"That's her, ma'am—the Conqueror. It's queer what bad luck goes with those proud names, ma'am. Peter Crudden was master of her."

"Peter Crudden! I played with Peter Crudden when we were children together. And he's lost?"

"When they print the names o' the crew in the Gloucester papers, it's a hundred to one they're gone, ma'am. A married sister o' Peter's is a neighbor o' my married daughter's up in Boston, and they're cryin' their heart out a'ready, she writes me—Peter's sister an' her children."

Mrs. Pentle closed the book.

"We live such sheltered lives here ashore, most of us, don't we, John? And we complain at the smallest little discomfort—many of us, I mean. And those brave men sail out to the dangerous waters in their little boats, where the best of it is hardship and death comes so often. It must be born in me—I just can't help feeling different toward those fishermen from what I do toward the men I meet in my business in the city."

She left; and, watching her swing down the ladder, John Ferguson was thinking that for a woman of her build—full-bosomed and no slimling—she was cert'nly light on her feet, and wondering why a young and good-looking widow as she was—dang good-looking—why more o' those wealthy young men she must know hadn't hooked her afore that. "Must be," mused John, "none of 'em's used the right bait."

John turned, just naturally to have another look out to sea, and—"Well, you old gadabout!" muttered John and hurried to point his glasses at what he saw wabbling in.

"Dang me if she c'n be!" cried John. "Dang me, but she is!"

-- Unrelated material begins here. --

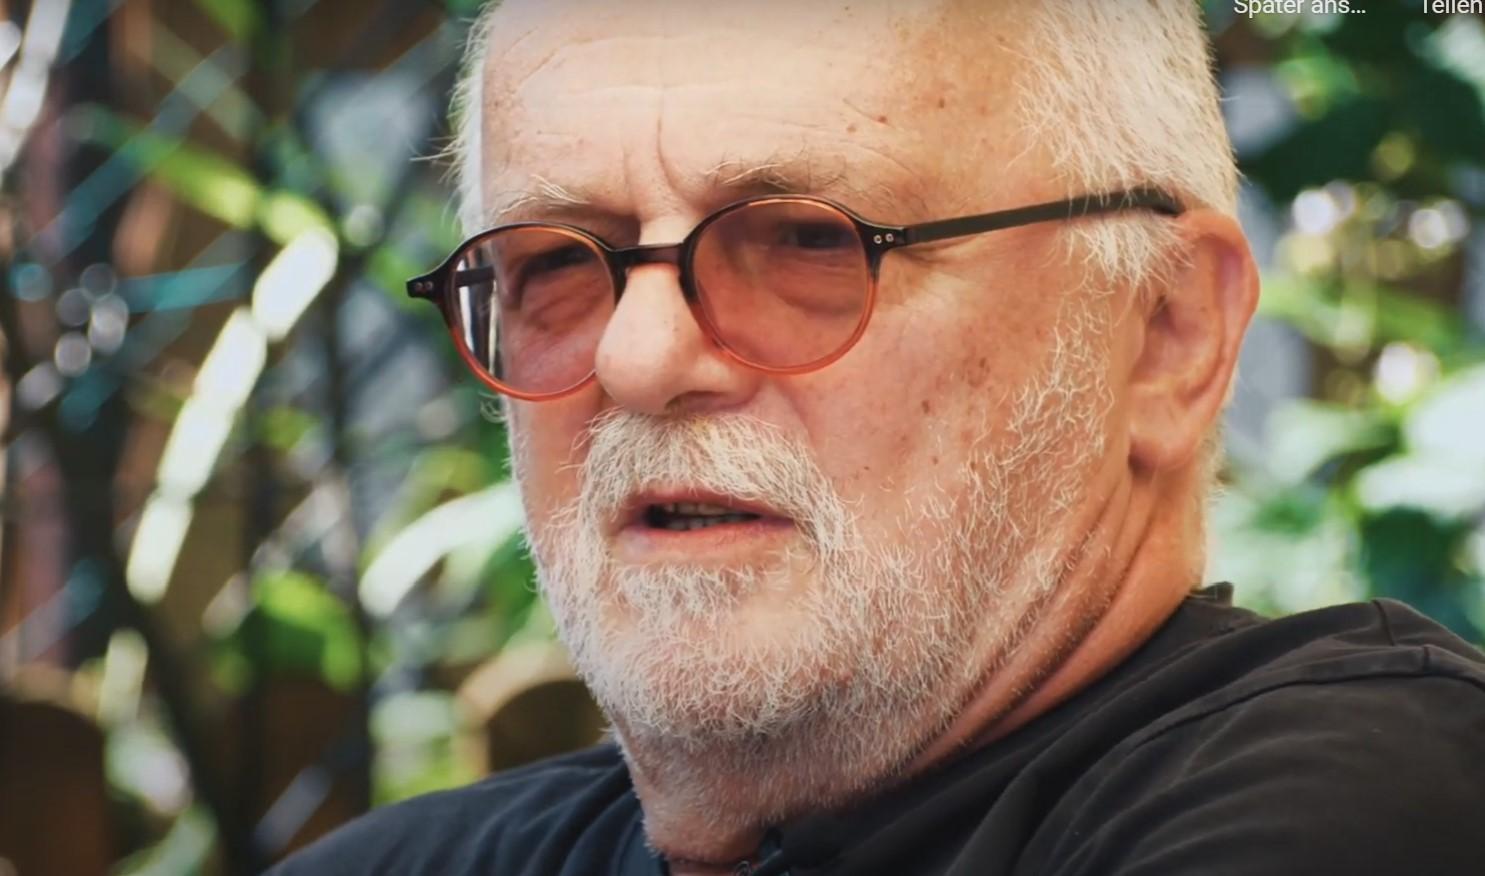 Rudi Burda
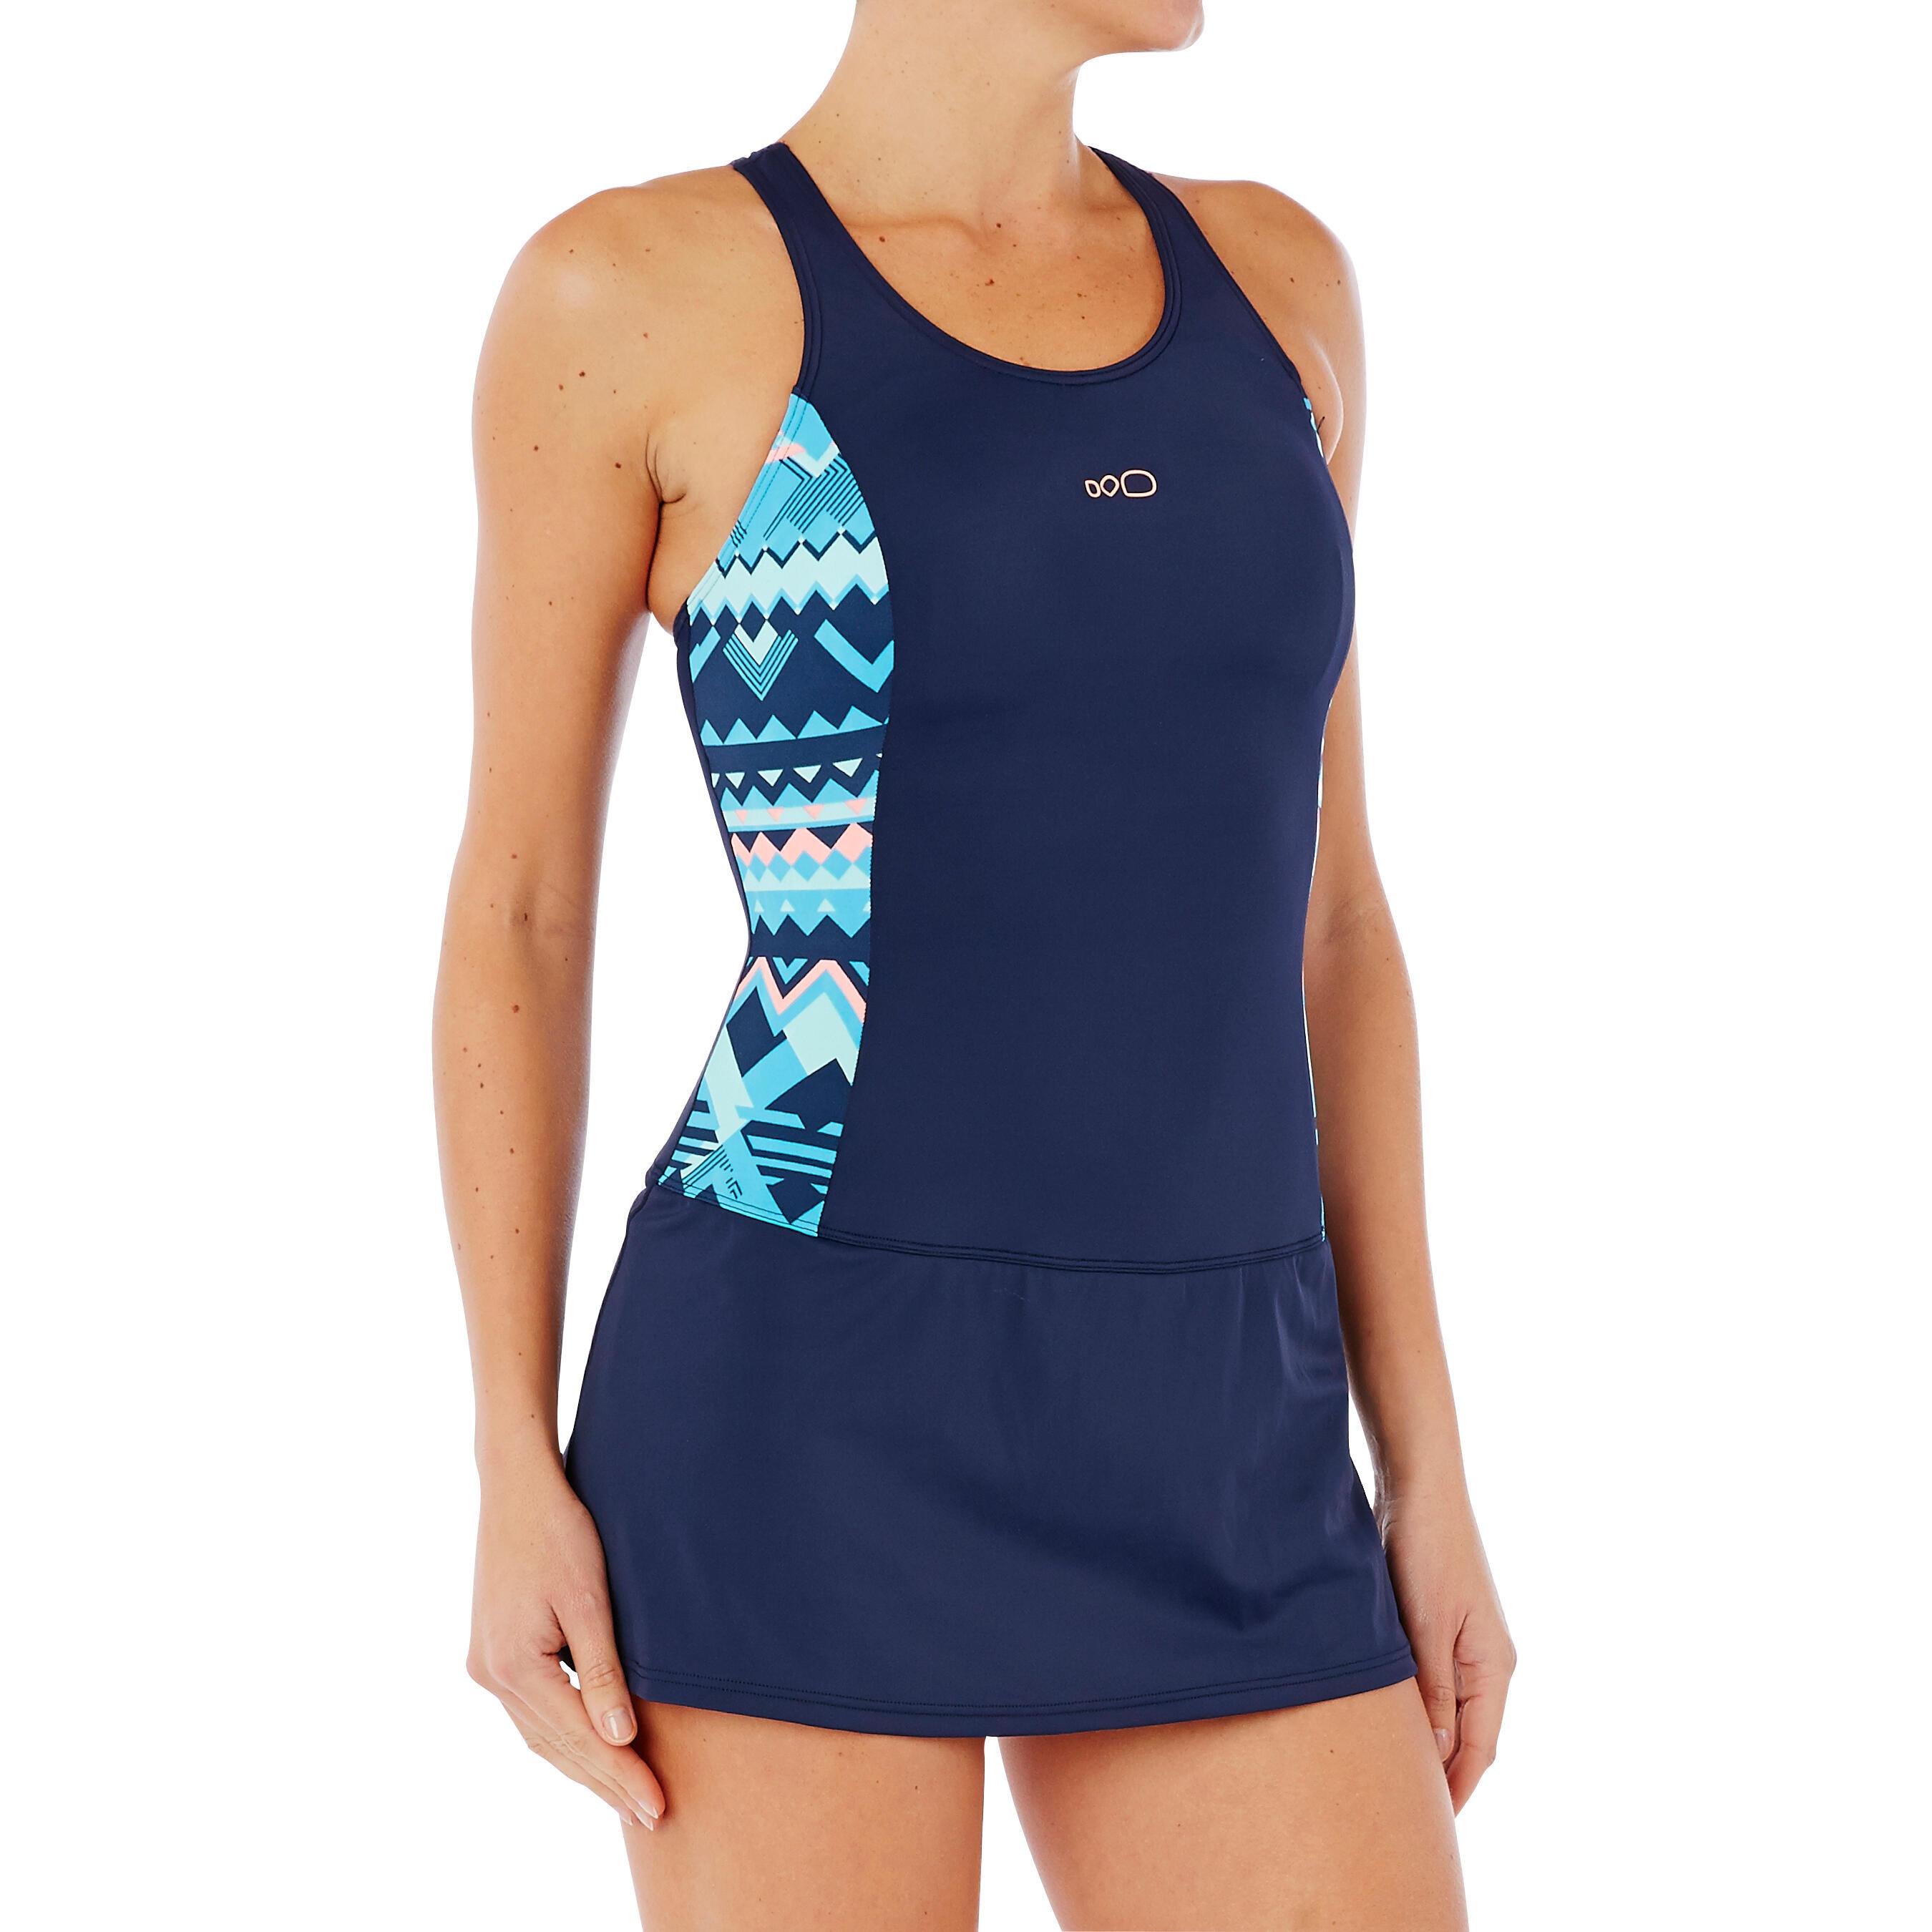 Maillot de bain de natation femme une pièce Vega jupe Kal bleu

It was the Conqueror—her foremast gone half-way to the deck, her mainmast gone clean to the deck, and her bowsprit broken off at the knight-heads. And she was a foot thick, or more, in ice; and in her jury-rigging was her flag—at half-mast.

"That's one, ye ravenous sea, dang ye, ye didn't get!" muttered John. "And she'll have a tale to tell!" And wondering how many of 'em were gone, and who they were, he entered the month and day of her return.